I mean, that was definitely a thought on everyone’s mind.

But in that moment, police did not have enough credible information yet to officially issue

the alert.

Police Chief Manor admits that behind closed doors, investigators were beginning to think

there was a criminal element to Leanna’s disappearance.

With every passing day, our theory just grows on that.

So we prepare ourselves for the worst.

Police and search and rescue personnel did a more formal grid search Sunday after the

sun came up.

Again, starting inside the Warner home, working their way out.

We dove into the parents first.

You look at the last person who saw the person alive and the person who found them.

They had to be ruled out.

The parents obviously had to be ruled out.

There were a lot of rumors in the beginning that the parents did this.

All those were looked into.

Despite those types of rumors that swirl around a small town, Chief Manor said they eliminated

Leanna’s parents of any wrongdoing pretty quickly because Chris had been at work and

Kaylin had not wavered from her original story.

On top of that, their concern for their missing daughter seemed genuine to police.

And then, the Warners told police something that made them wonder if a predator had been

lurking around Chisholm all summer.

The Warners told police that a few weeks before she’d vanished, Leanna had come home with

a new case full of Barbies and Barbie clothes that didn’t belong to her.

And when her parents asked her about it, she said that a little old lady had given them

to her.

And then one night, just before she vanished, Leanna packed a suitcase and said she was

going to go live with her new family at their house.

Chris and Kaylin said that on another occasion, they’d found Leanna sleeping in her closet

because she said there were monsters outside her window.

Investigators took Chris and Kaylin’s information about Leanna’s odd behaviors seriously, but

they also had to consider the fact that Leanna was a five-year-old with a vivid imagination.

But you have to wonder…

Is there any chance someone was grooming her to trust them?

There is.

Obviously, those comments are very alarming to us.

So did she make that up?

Or did she say it was somebody grooming her?

You know, we had the Barbie doll case that showed up.

It was a pink plastic Barbie doll case with some miscellaneous toys and stuff in there.

That showed up.

They had no idea where she got that from.

They figured she stole it from one of her friends.

Chief Manor said that they kept the information in mind as they continued investigating and

took the Barbie case as evidence.

But beyond that, there wasn’t much they could do with the lead.

It was tough to corroborate and, at the time, felt like a dead end.

In 2003, Vernon Manor was a Lieutenant Investigator with the Chisholm Police Department.

The weekend Leanna went missing is etched into his memory forever.

He had been out of town when the 911 call came in that Saturday, so on Sunday, when

he was back in the area and Leanna had still not been found, he was called in to help with

the investigation.

He went straight to the Warners’ home and told her mom, Kalen, that she needed to stay

there in case Leanna came home.

St. Louis County deputies joined the efforts, and state agents also started to trickle in

to help.

Chisholm is in a big iron mining area, so searchers took to wells and abandoned mine

shafts using cameras and infrared technology.

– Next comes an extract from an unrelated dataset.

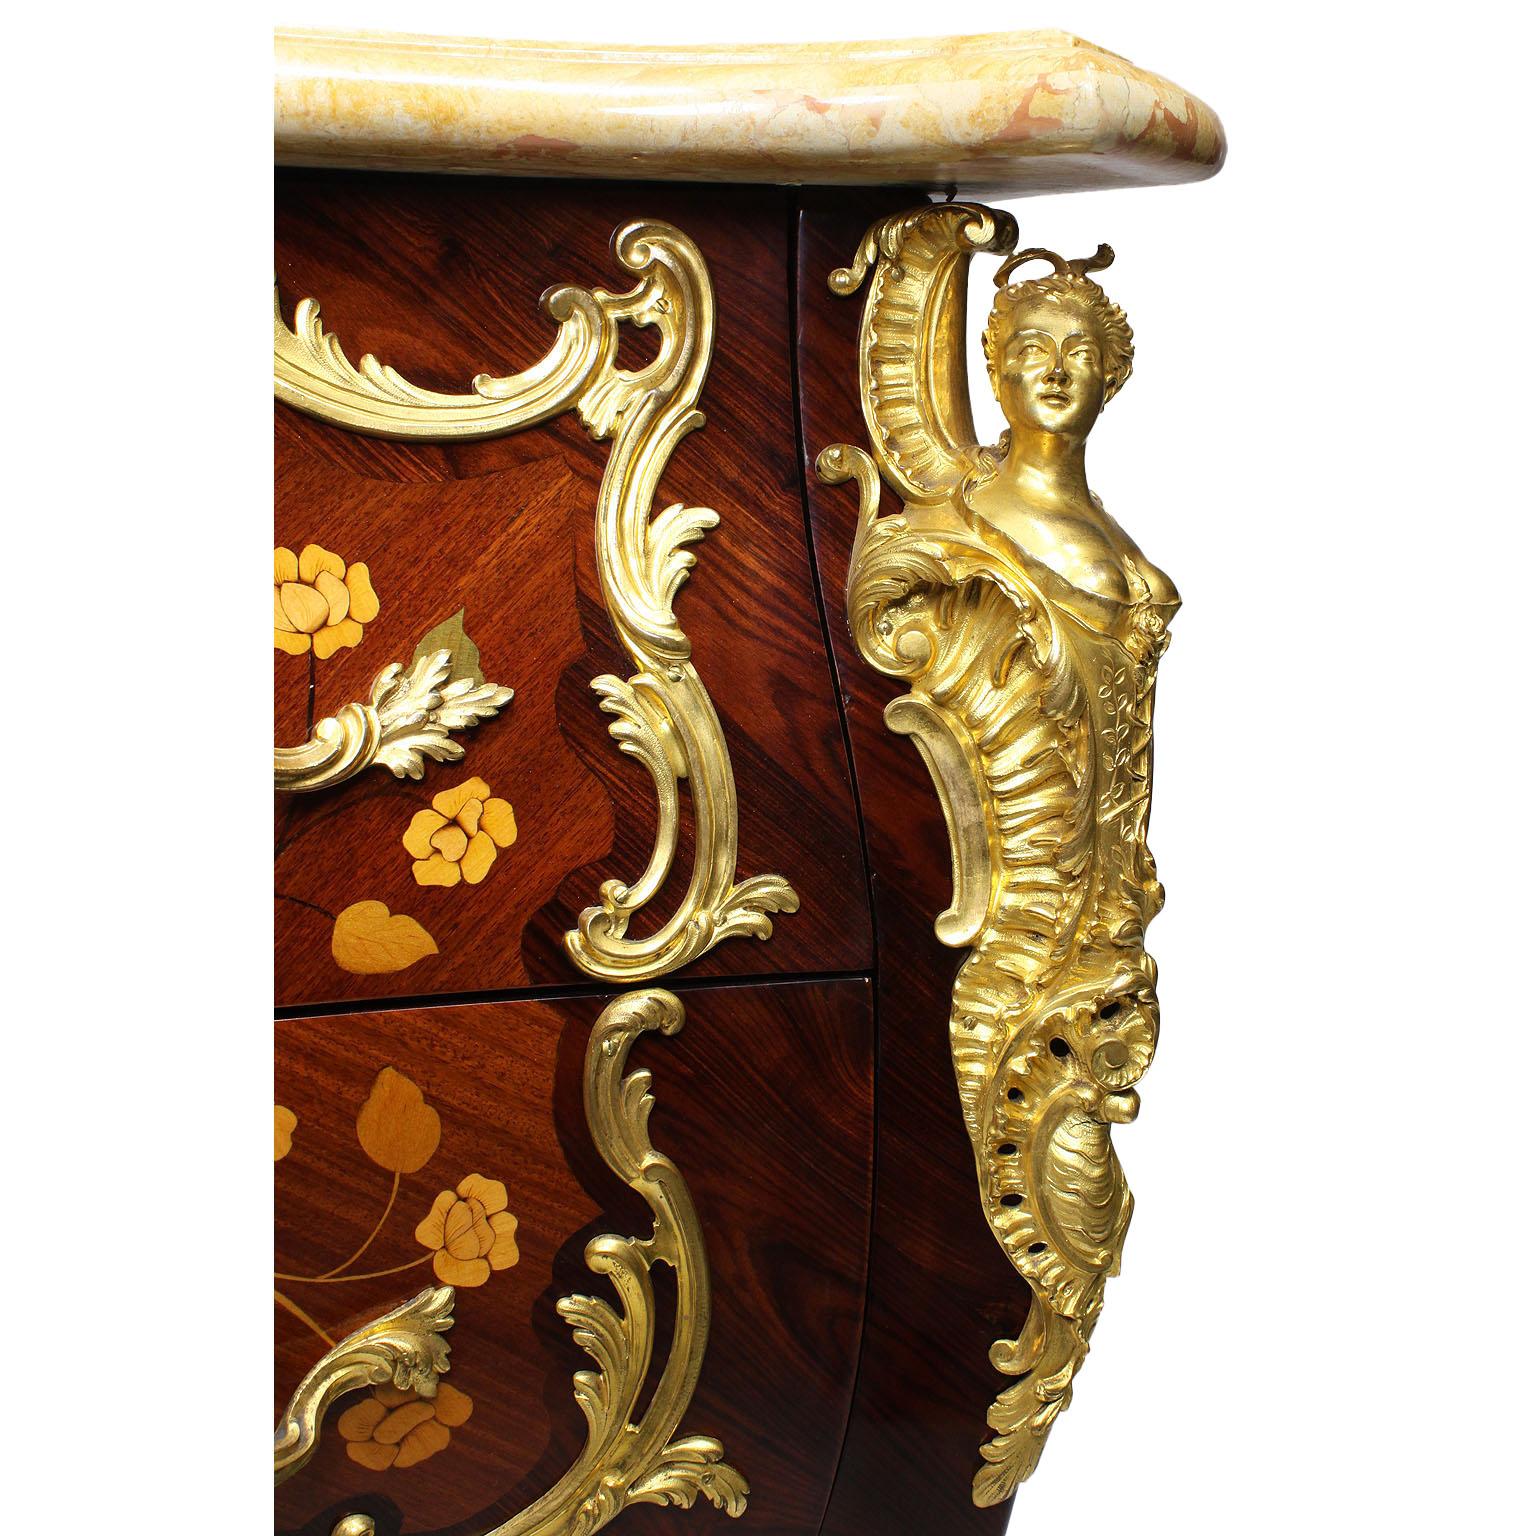 French 19th Century Louis XV Style Gilt Bronze-Mounted Marquetry Commodes, Pair For Sale 7

Police set up a command post at an elementary school in town to make sure an organized system

was in place to keep track of what tips were coming in, what search areas had been covered,

and who had been interviewed.

But despite all of this work and coordination, another full day went by with no sign of Leanna.

This really rocked, rocked the town, and everybody kind of held on, especially that

summer held on.

Your kids are a little tighter.

By Monday, things at the command post were in full swing.

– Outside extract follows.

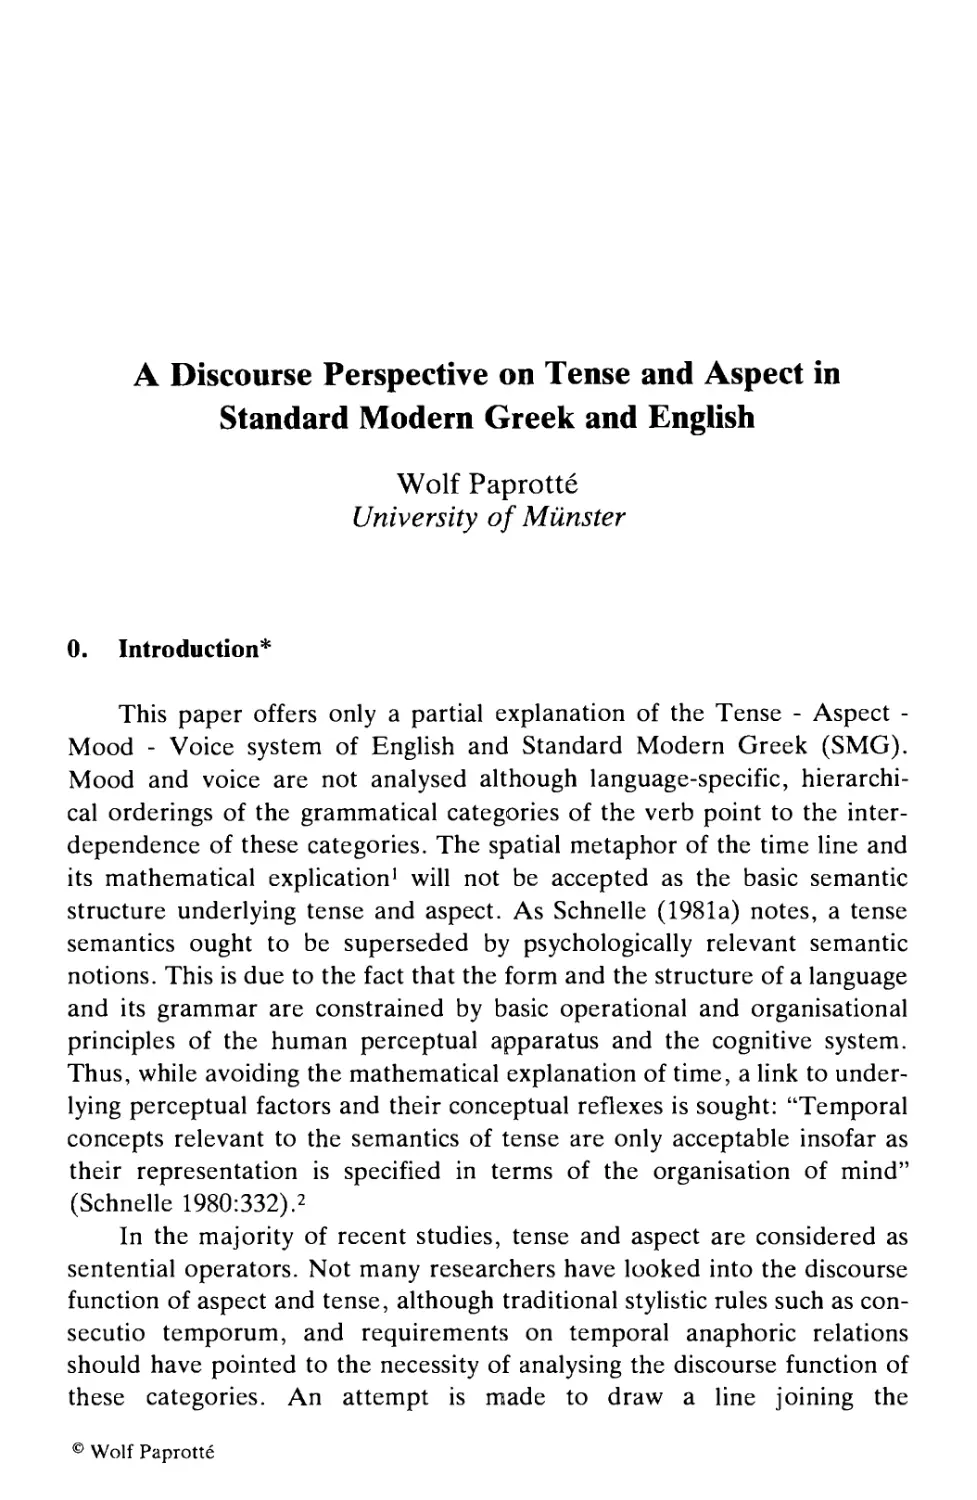 A Discourse Perspective on Tense and Aspect in Standard Modern Greek and English

Volunteers helped answer phones, and locals dropped off water and food for searchers.

It was around this time that Chief Manor and other law enforcement officers involved began

to internally switch their mindset from a rescue operation to a recovery.

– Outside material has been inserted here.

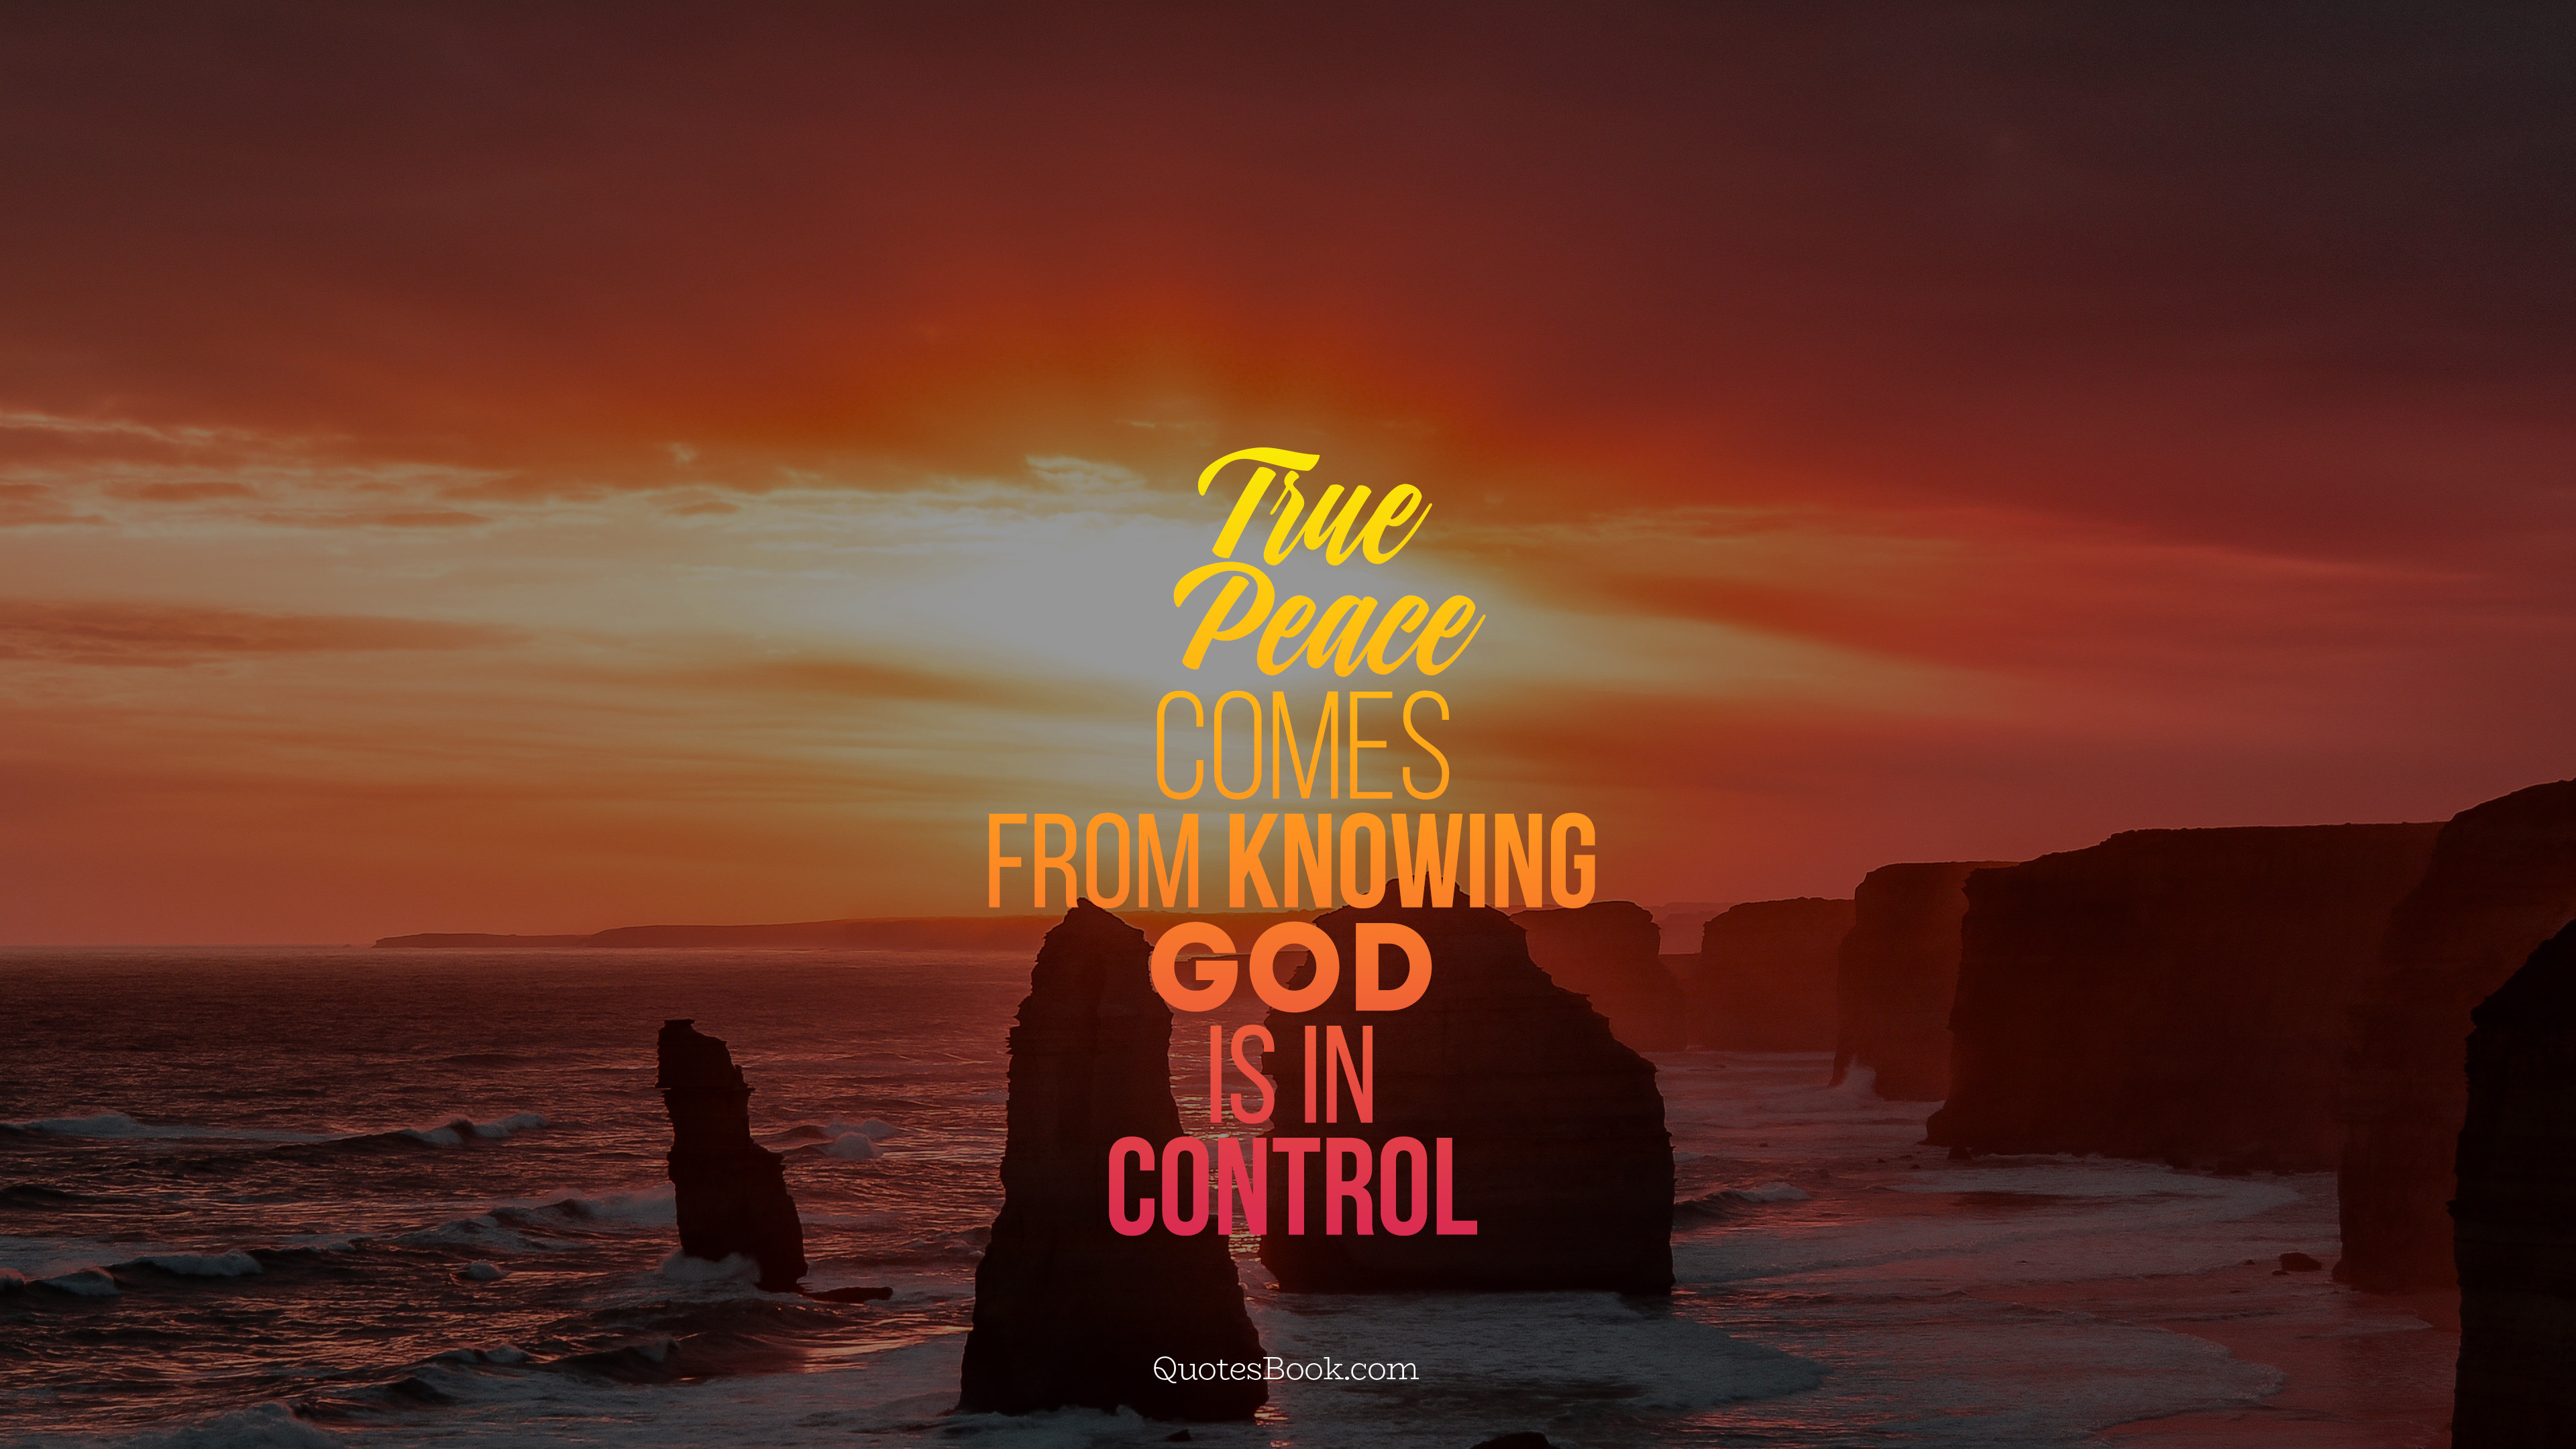 true peace comes from knowing god is in control 3840x2160 1707

About four or five days into it, you start thinking, obviously she hasn’t appeared.

And as far as the searching of the area, that grid search starts getting bigger and bigger

and bigger as they start moving out.

How far could a five-year-old girl walk out?

More or less, their focus changed from looking for Leanna hiding in a tree to searching for

her body.

As all of that was happening, officers were collecting information about sex offenders

that lived in Leanna’s neighborhood and any others within a five-mile radius.

Other tips had come in suggesting that investigators look into a group of people who’d been in

town for a charity motorcycle ride and concert on the day Leanna vanished.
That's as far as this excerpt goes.